§ **YOUR ASSIGNMENT**: Word for word, copy out the entries below, but not the pictures in them.
-------
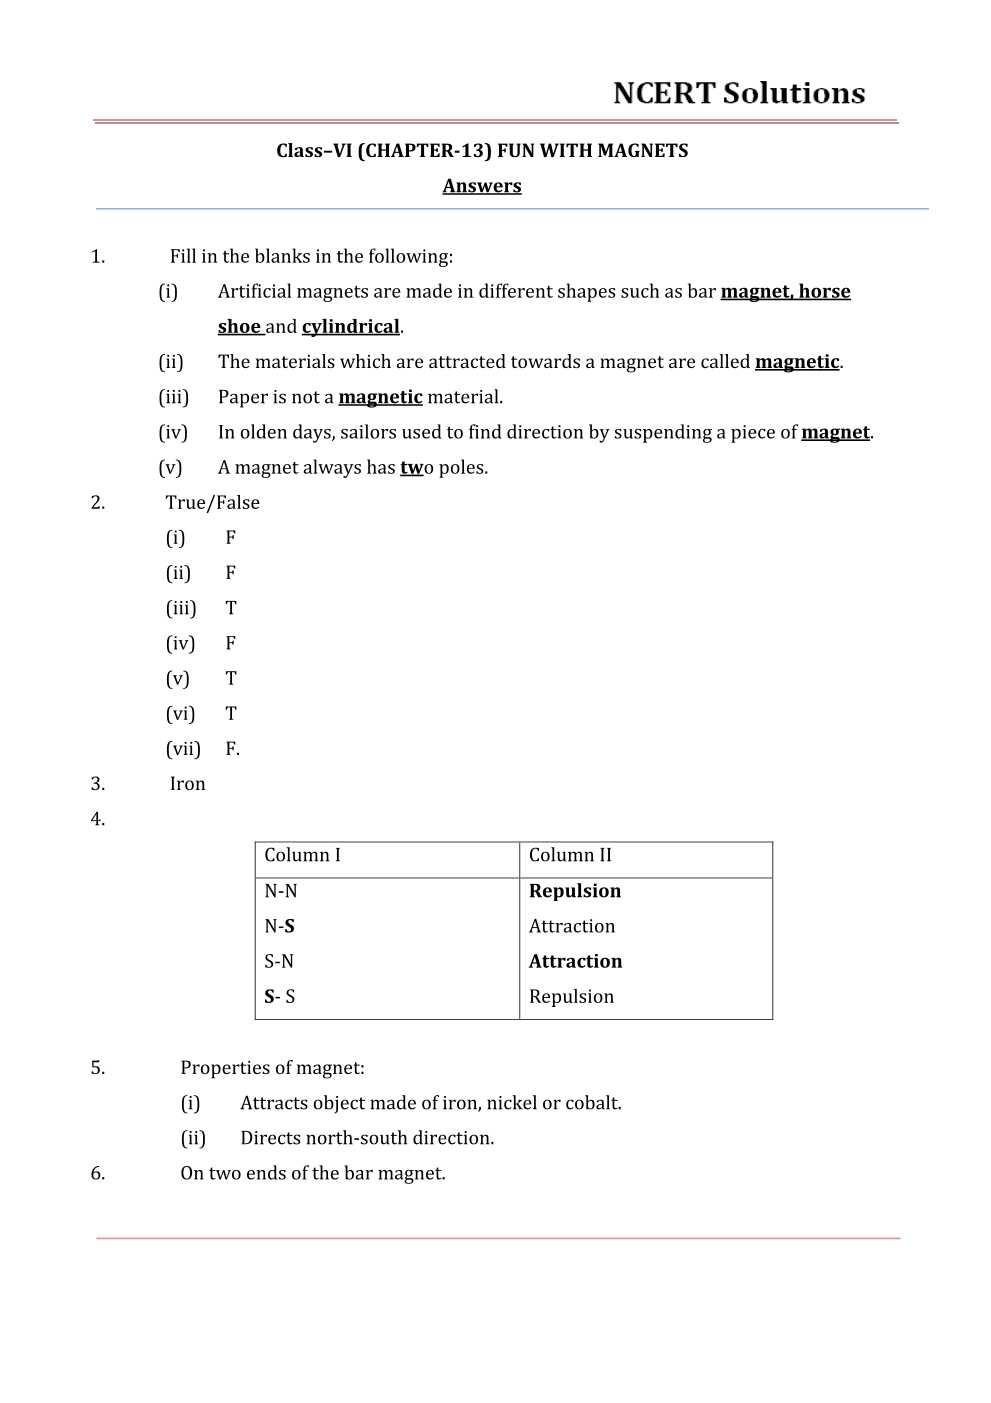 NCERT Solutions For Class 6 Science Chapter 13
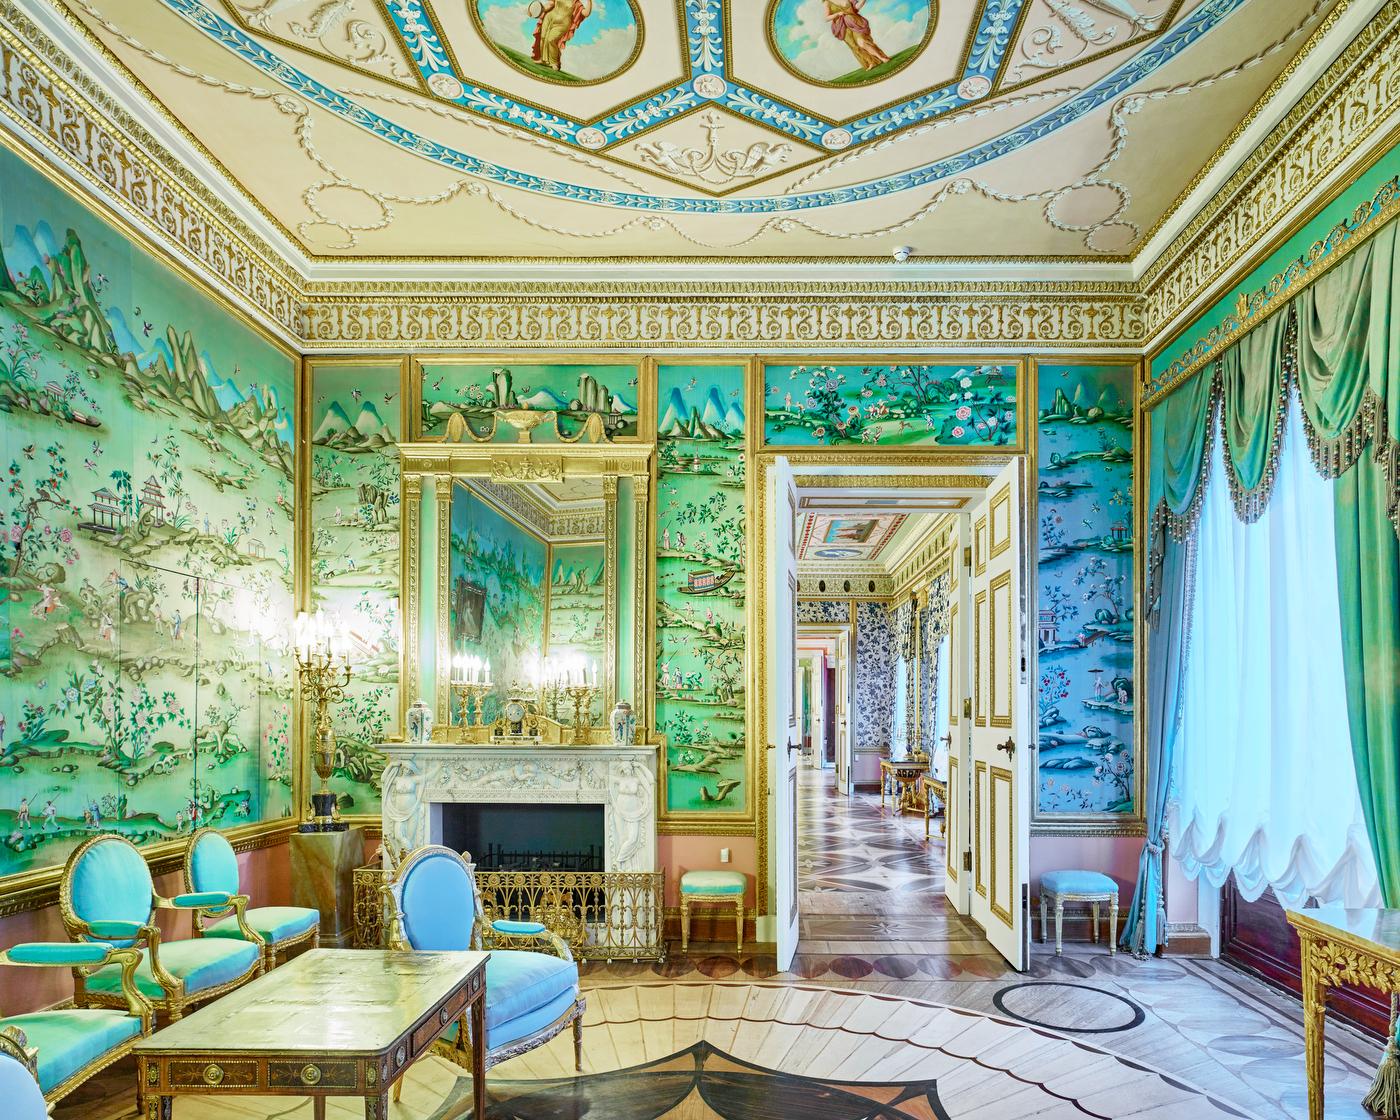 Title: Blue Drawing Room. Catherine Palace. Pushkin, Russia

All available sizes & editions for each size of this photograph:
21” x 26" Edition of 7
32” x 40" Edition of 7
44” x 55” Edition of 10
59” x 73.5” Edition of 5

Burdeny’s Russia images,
-------
§ **RESPONSE**:
 NCERT Solutions For Class 6 Science Chapter 13
 Title: Blue Drawing Room. Catherine Palace. Pushkin, Russia

All available sizes & editions for each size of this photograph:
21” x 26" Edition of 7
32” x 40" Edition of 7
44” x 55” Edition of 10
59” x 73.5” Edition of 5

Burdeny’s Russia images,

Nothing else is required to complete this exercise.